The associations are to 1.) promote and provide opportunities for Christian fellowship and unity among the churches, the pastors and all the Baptists in the area; 2.) provide the opportunity and possibility for the churches, pastors and people to perform together ministries and services which they would not easily be able to do alone; 3.) to seek to provide resources to assist the churches, the pastors and the members to serve the Lord more effectively; 4.) to provide care, guidance, challenge and vision to the churches, pastors and members; 5.) to seek to establish, assist and nurture Baptist churches and fellowships in the area; 6.) to encourage evangelistic outreach and missionary activity among churches, fellowships and individual Baptists; 7.) to assume such functions and responsibilities on behalf of the union as may be mutually agreed upon; 8.) to disseminate Baptist Principles and to advocate religious liberty for all.

I’d sum the above up by saying that the associations are to provide facilitation between churches.
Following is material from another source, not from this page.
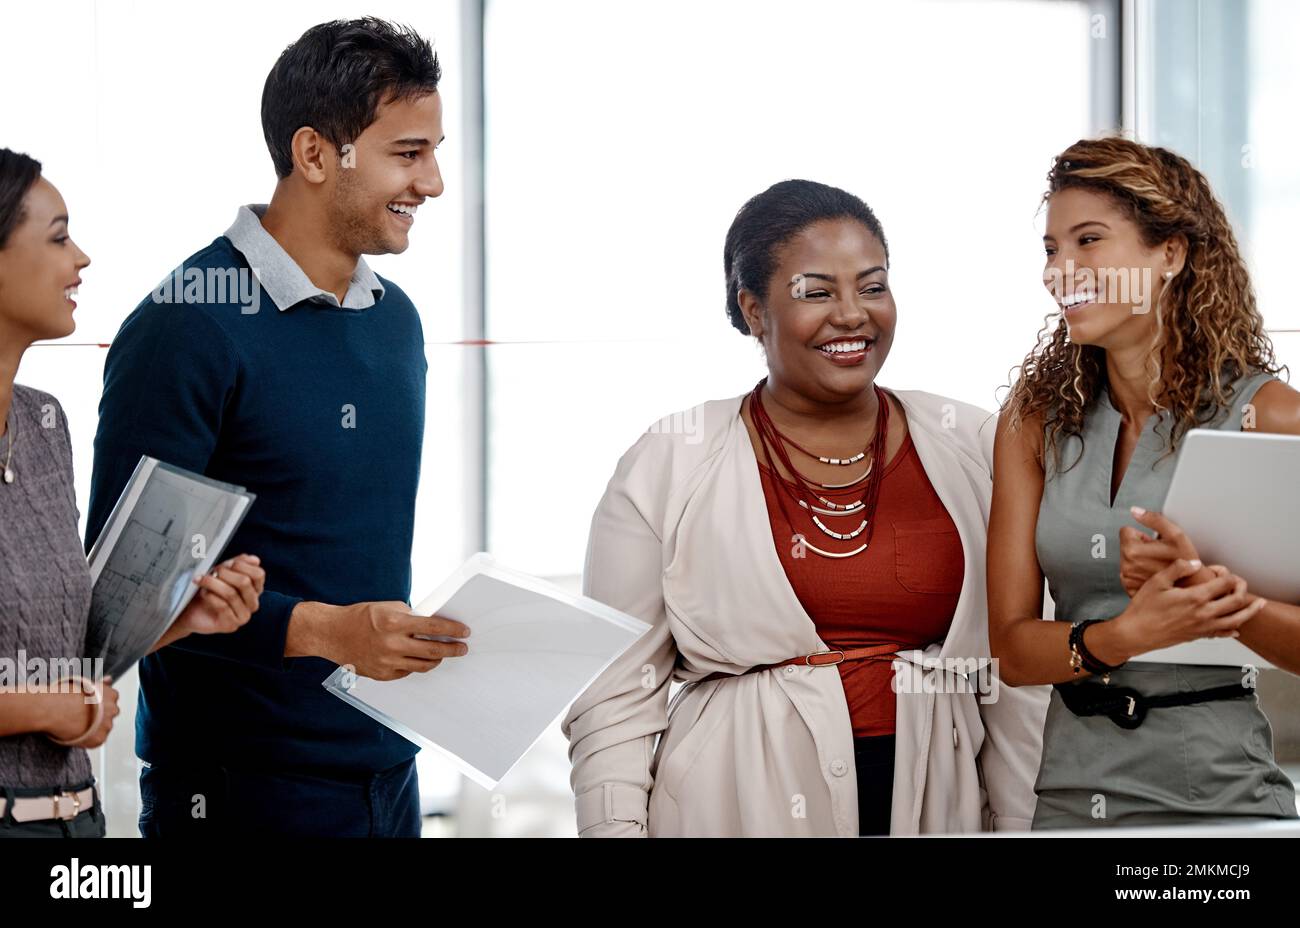 Were always making work fun. a young diverse group of colleagues sharing a laugh together in the office. Stock Photo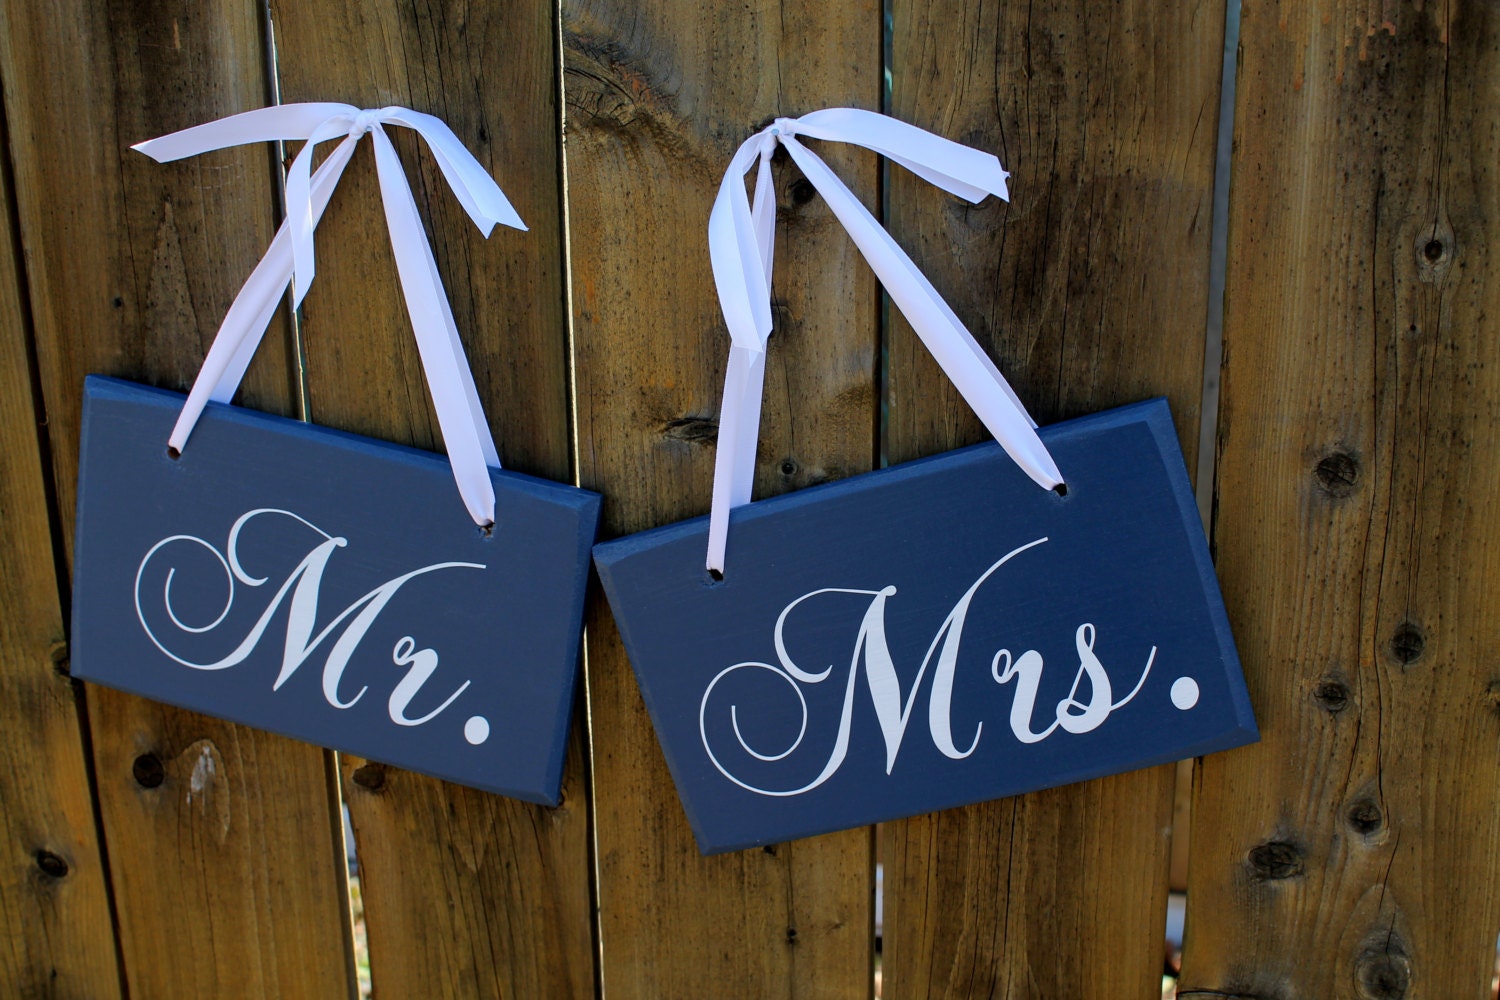 6 x 10 Wooden Wedding Sign: 2pc Set Double sided

The union is to 1.) collect information respecting the history, organisation and work of Member Churches and Associations; 2.) co-ordinate and combine the efforts of Member Churches in all matters affecting the general welfare of the Union, and its Members; 3.) engage in medical, educational, relief and other benevolent work and to confer and co-operate as occasion may require with Member Churches and other christian communities and philanthropic societies; 4.) make provision for retiring and relief allowances for its staff, Ministers, Missionaries and their wives or widows; 5.) provide for theological education and for training for service in the churches; 6.) control admission to and deletion from the Union’s lists of accredited ministers; 7.) provide for the supply of church and mission requisites; 8.) give services of advice or arbitration in cases of difference or dispute, with the consent of the parties concerned; 9.) receive, purchase, hold, hypothecate, sell, donate, lease, exchange and partition movable and immovable property; 10.) act as Trustee for any Church or Association whether established or to be established; 11.) invest funds of the Union in such manner as may be prescribed by By-Law; 12.) To confer and co-operate as occasion may require with Member Churches and Ministers in connection with ministerial settlement and the like; 13.) tender advice to Member Churches and Ministers on all matters appertaining to ministerial settlements and the like; 14.) borrow money with or without security for the purposes of the Union, and Associations, in such manner at such times and on such conditions as the Executive may determine; 15.) appoint and dismiss staff; 16.) make or amend such By-Laws as it may deem necessary for the proper administration of its business.

I’d sum the above up by saying that the union is to provide administration services to churches.